Tell us about the PAHL research group and the scope of its work.
PAHL is a joint initiative between James Cook University and the University of Western Australia, with collaborators at the University of South Carolina and institutions in the Midwest as well. It’s a remarkable group. The academics involved are doing important work across a wide range of topics: exercise and professional sport, exercise for children, exercise and aging, and more. My own study is one thread within a much larger body of research.
I’m fortunate to be supervised by James Dimmock, psychology professor at James Cook University, who has published around 50 papers in this field and is constantly pushing the conversation forward. PAHL’s overarching goal is to promote exercise as a practical, accessible solution—particularly for mental health—and to keep building the evidence base that helps make that case.
What populations or areas are you most eager to explore going forward?
The over-55 demographic is one I’m particularly keen to dig into—and I’ll admit there’s some personal motivation there, having just turned 55 myself. We found good evidence that exercise is effective for that group in relation to depression and anxiety, and there’s growing research suggesting physical activity may help delay the onset of dementia and similar conditions. That’s an area with enormous implications.

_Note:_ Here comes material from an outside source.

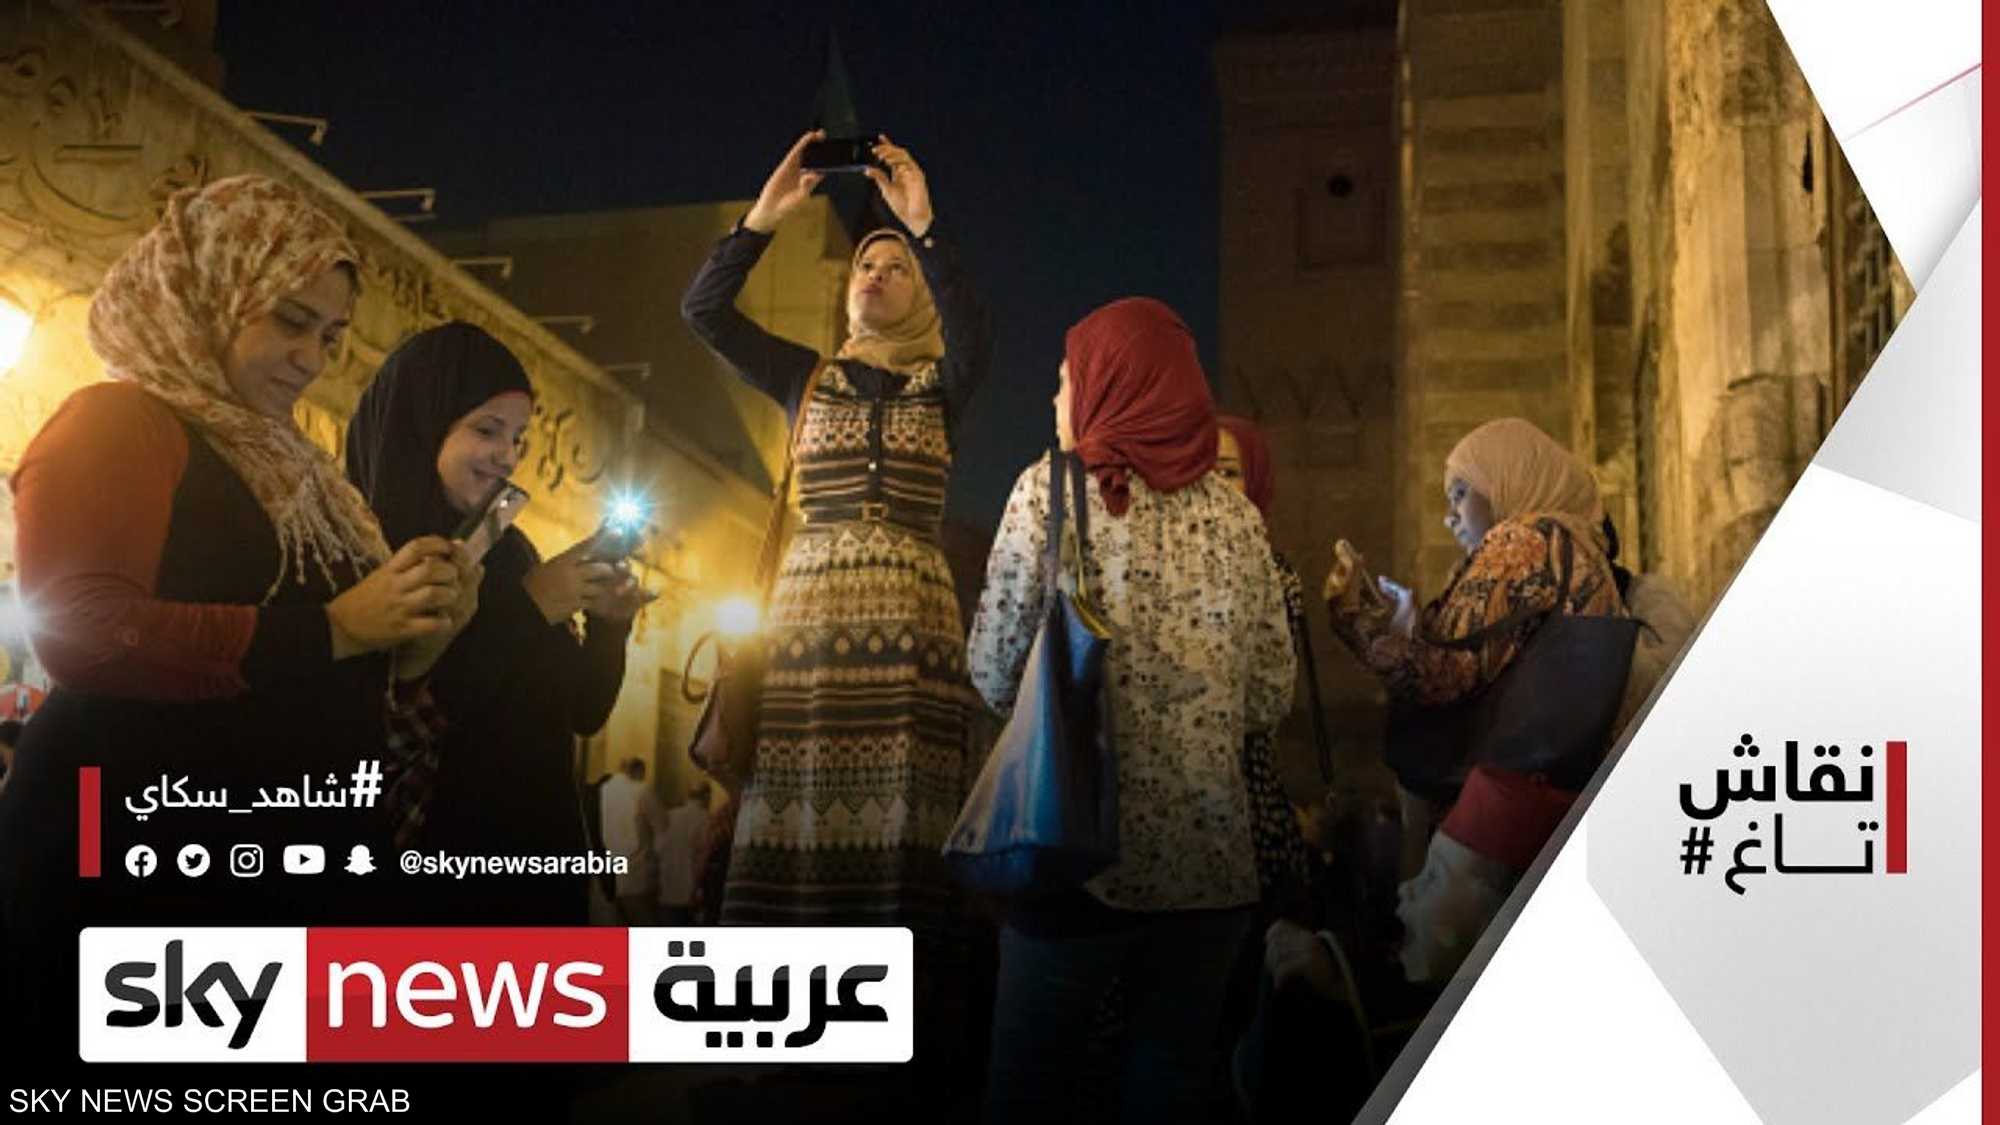 جدل الحجاب يعود مجددا في مصر فهل السلوكيات تقترن بزي معين؟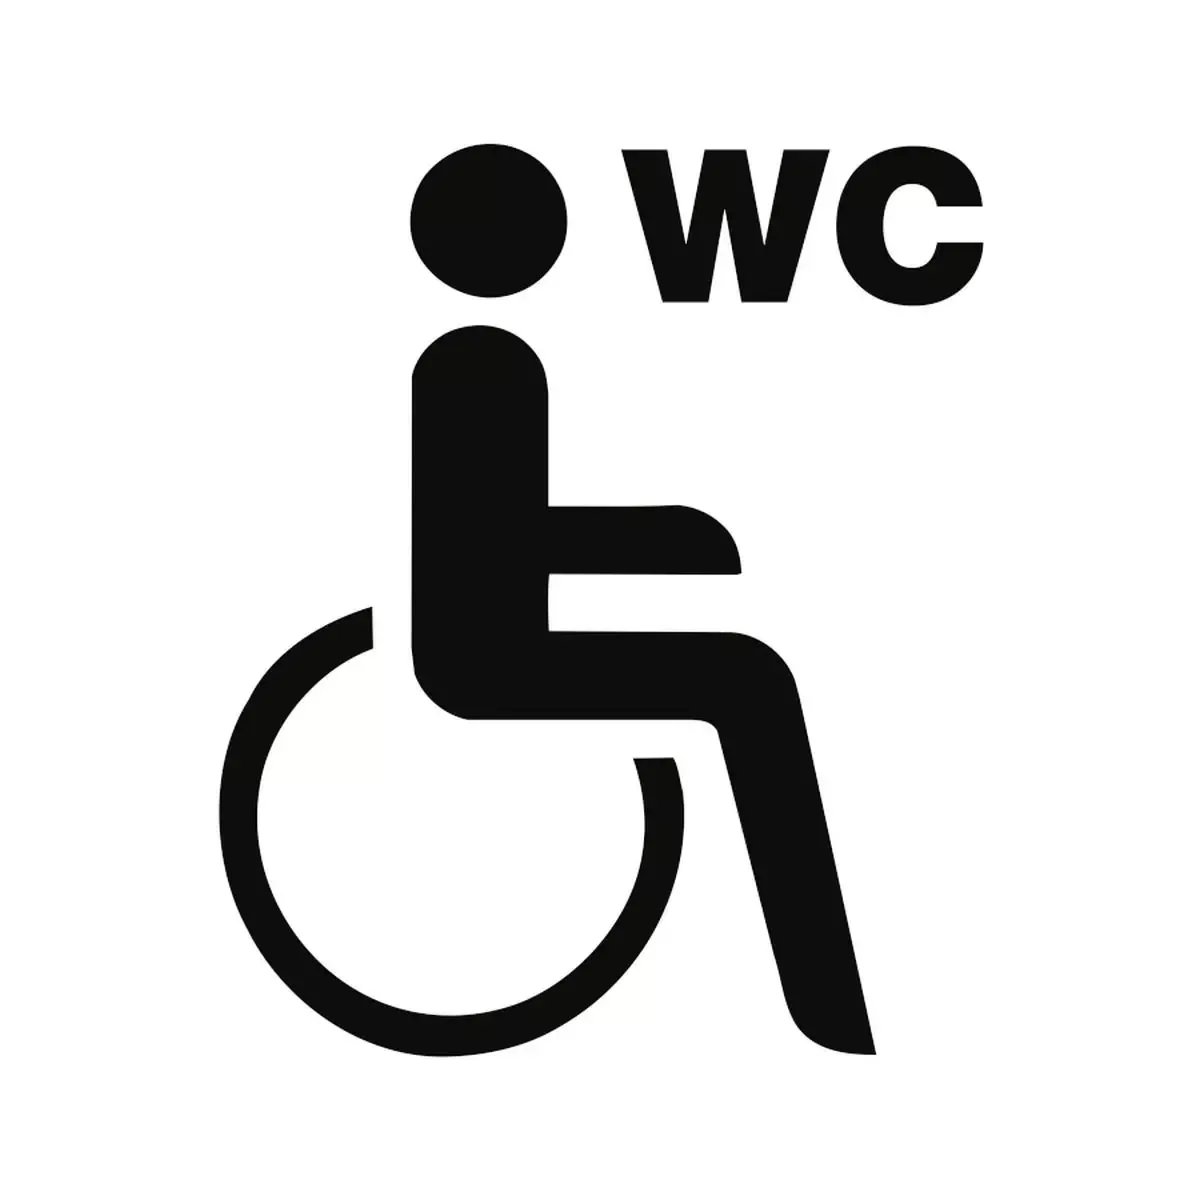 Piktogramm WC Behinderte/barrierefrei mit Text WC, Kunststoff, 160x160 mm

The meta-analysis covered something like 80,000 individuals across the underlying studies, and every form of exercise examined showed at least a medium standardized effect on depression and anxiety—with certain groups reaching into the high range. That scale of evidence is significant.
The more we dig into the data, the more nuanced and actionable the findings become. We have a number of studies in the pipeline, and I’m excited about where this field is heading.